Whatever results from such efforts, the rise of an Aymara Indian to the presidency is an historic event in itself. For generations the indigenous peoples of Bolivia have been subject to incessant abuse by ruling powers and have been treated as pawns by the political parties, including by many on the Left. Morales’ victory could not have been possible without a decades-long indigenous consciousness movement that helped reshape national politics.

INDIGENOUS CONSCIOUSNESS

The danger that the movement now confronts is that the new leaders may try to use their hard-won credentials as indigenous activists to justify a policy of class accommodation with national capitalist interests.

Bolivia today is not the same as it was decades ago, when it had a powerful Marxist-led trade union movement. Prior to the 1980s discussions within the Bolivian Left centered on debates over the exploitation of labor, whereas today they tend to focus more on ownership and development of natural resources.
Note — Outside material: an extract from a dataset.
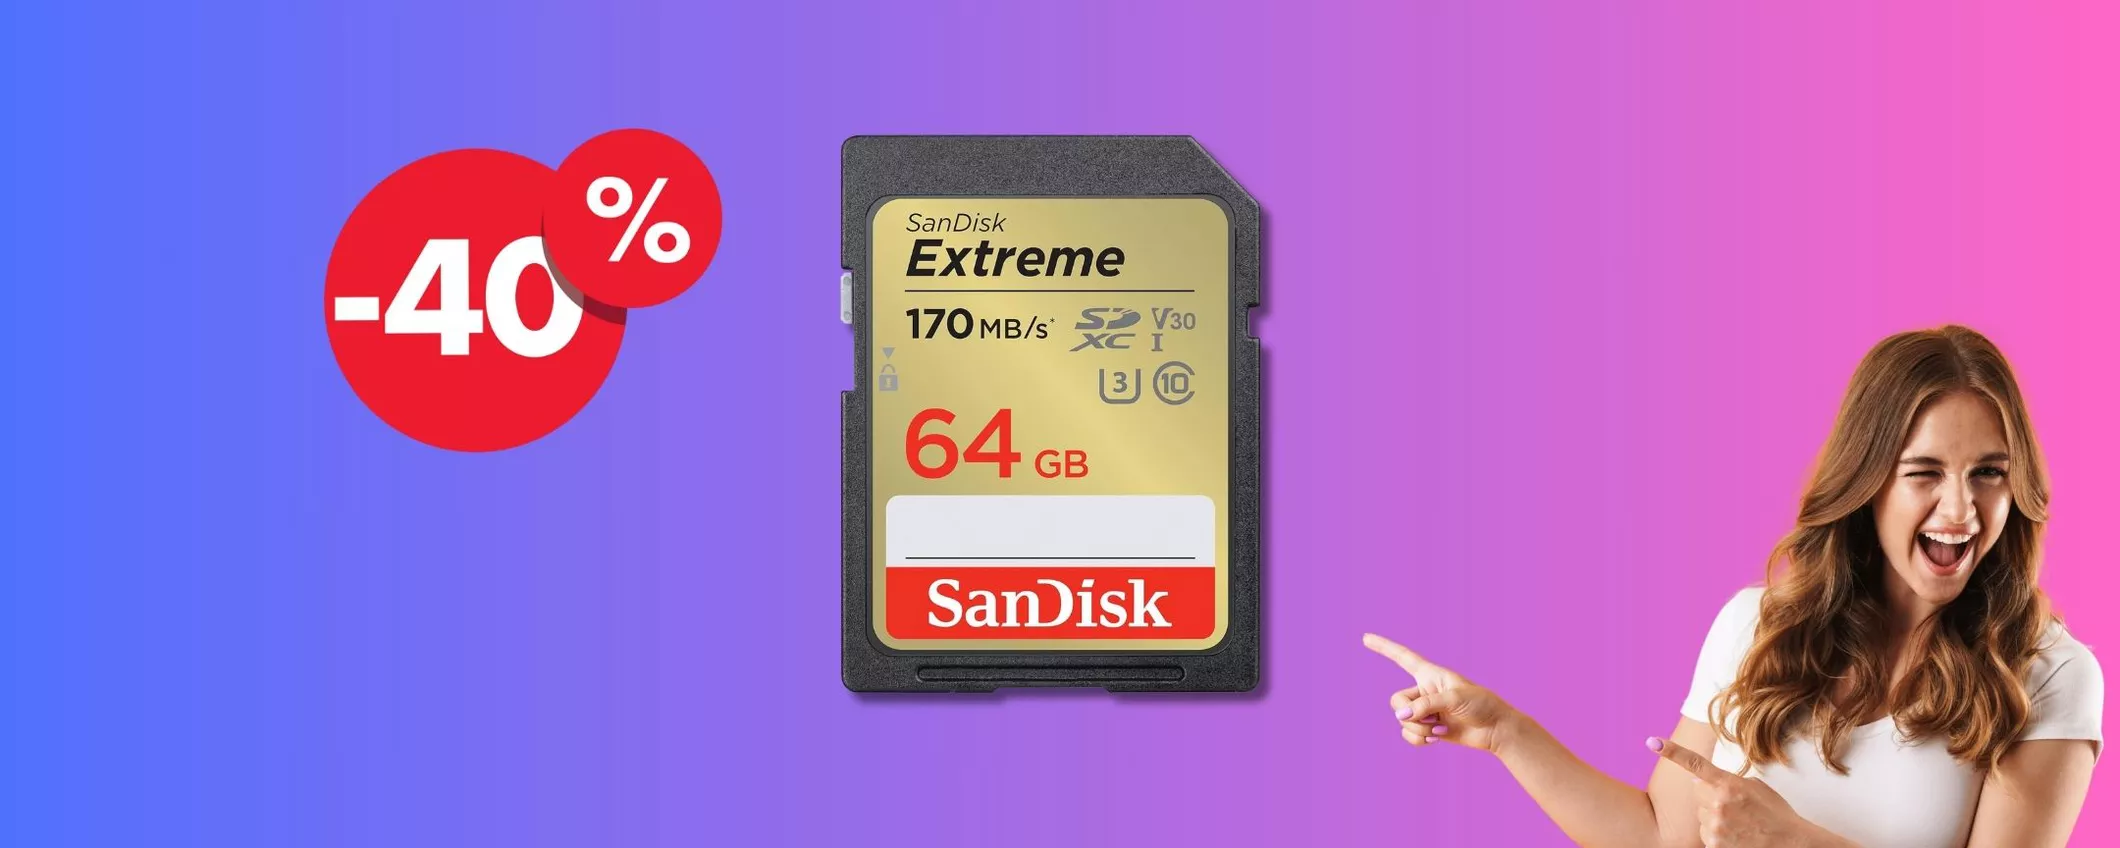 SanDisk SD 64 GB con Rescue Pro: FOLLE SCONTO oggi su Amazon!

Yet today’s struggles are raising a series of questions that demonstrate the continued viability of the mass struggles--questions like can nationalized industry truly free Bolivia from the world economy? What kind of developments are needed, nationally and internationally, to break the power of capital and underdevelopment?

We need to help ensure that the Bolivian people obtain the breathing and thinking space needed to work out these questions by insisting that the Bush administration not interfere with their choices and that we work to stay the hand of any U.S. retaliatory actions.